Women Bloggers Sexual Targets

 

A recent article explains the increased levels of anonymous sexual
threats that women bloggers are receiving online. Like any other entity with
power, prestige or wealth, women in the blogosphere are becoming targets of
stalkers and other predators. Threats received by women are sexual in nature up
to 25 times those received by men, according to the University of Maryland.

 

This issue brings salience to the ever-increasing problems
of cyber-civility. Whether abusers are
sexual predators in the comments section of a blog, webmasters posting
slanderous information about a competing colleague on the web or cyberbullys on
a high school’s chat room, the interests of safety, security and truth on the
Internet are in danger of becoming perilously scarce.

 

In the early days of the Internet, Congress was concerned
about interfering with the growth and evolution of the medium. This led to
legislation such as the Communications Decency Act of 1996, which protects
online publishers from liability for content provided and created by others:

 

(c) Protection for
“Good Samaritan” blocking and screening of offensive material. (1) Treatment of
publisher or speaker: No provider or user of an interactive computer service
shall be treated as the publisher or speaker of any information provided by
another information content provider.” 47 USC §230(c)(1)

 

The rationale for the legislation was ensuring free speech
and protecting content providers from having to police all areas of their
content at all times.

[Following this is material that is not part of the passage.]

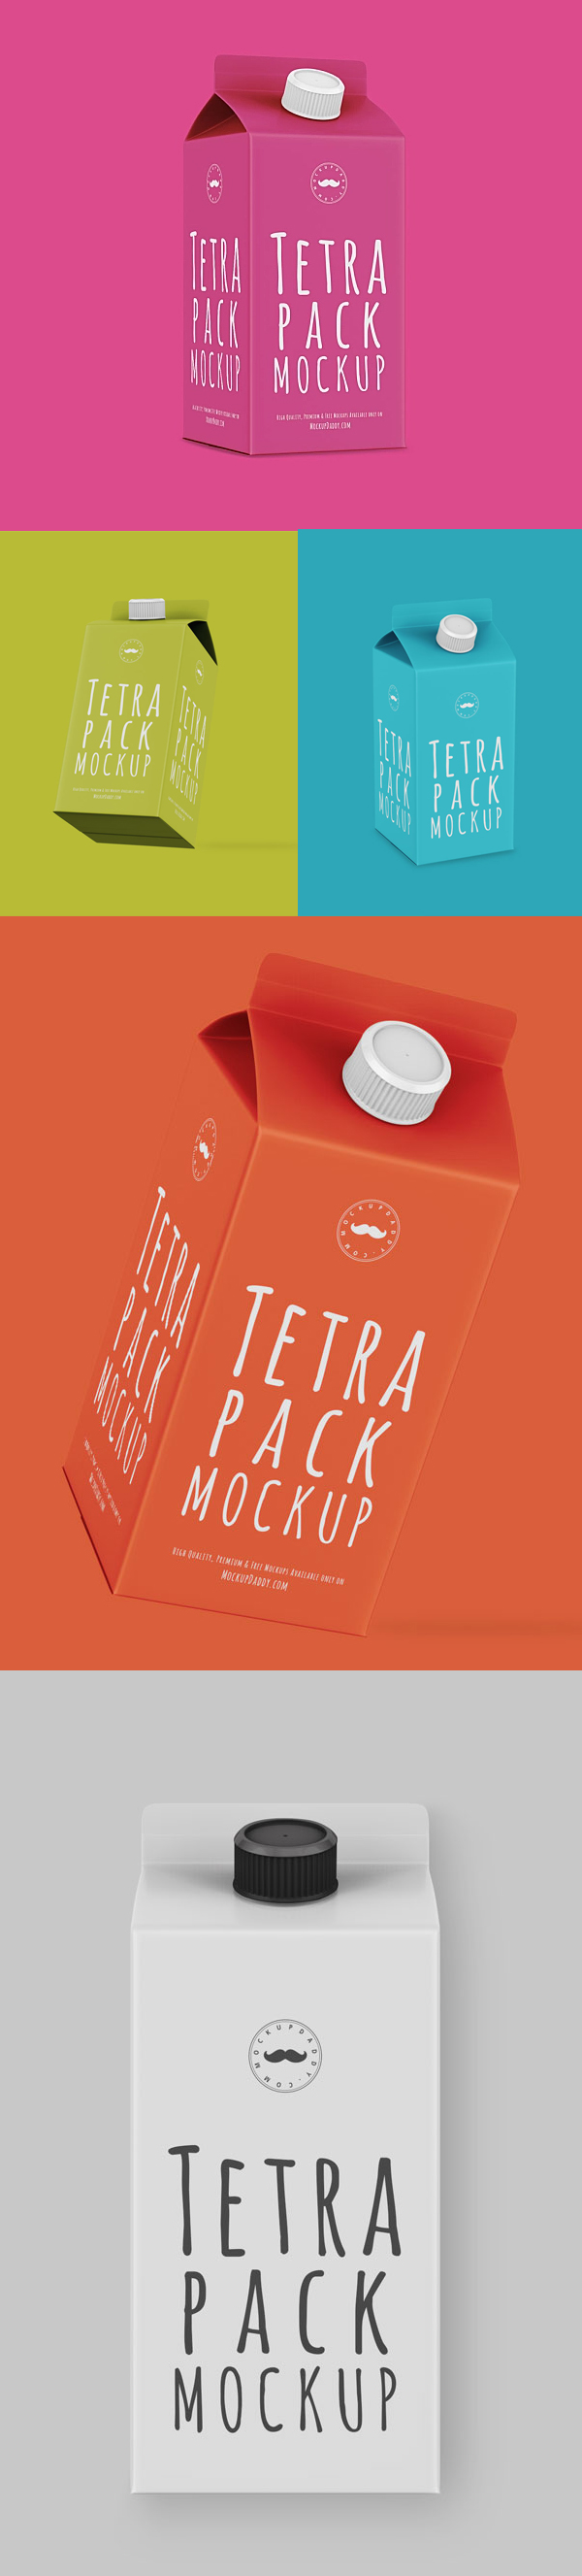 Free Tetra Pack Mockup PSD

While well-conceived, the practical application of that
statute instead led to cases where the online publisher is notified of very
obvious defamatory materials, does nothing about it, and still avoids
liability.

 

Another survey cited in the article, conducted by the Pew
Internet & American Life Project, found that the proportion of Internet
users who took part in chats and discussion groups plunged from 28 percent in
2000 to 17 percent in 2005. While many of the battles over online defamation
are fought in the press and federal courtrooms, many more are fought outside of
the public eye. The results of those invisible battles are seen, at least in
part, in the decline in participation in online chats and discussion groups.

 

Law enforcement has similar problems. It is difficult to
spend serious time and energy on threats that are generalized or simply
repulsive. Without clear and present dangers, it is difficult to use limited
law enforcement resources to protect those who feel threatened.

 

Bottom Line: While online predators will never be
eliminated, there are opportunities to reduce the problem. Revision of the Communications Decency Act to hold publishers to a “notice”
standard would be one such step. Law enforcement’s attention to the shifting
nature of defamation would also help to reduce web stalkers. Finally, reevaluation
of policies and and reallocation of enforcers would be a welcome result in an
effort to address the still-growing problem of online predators.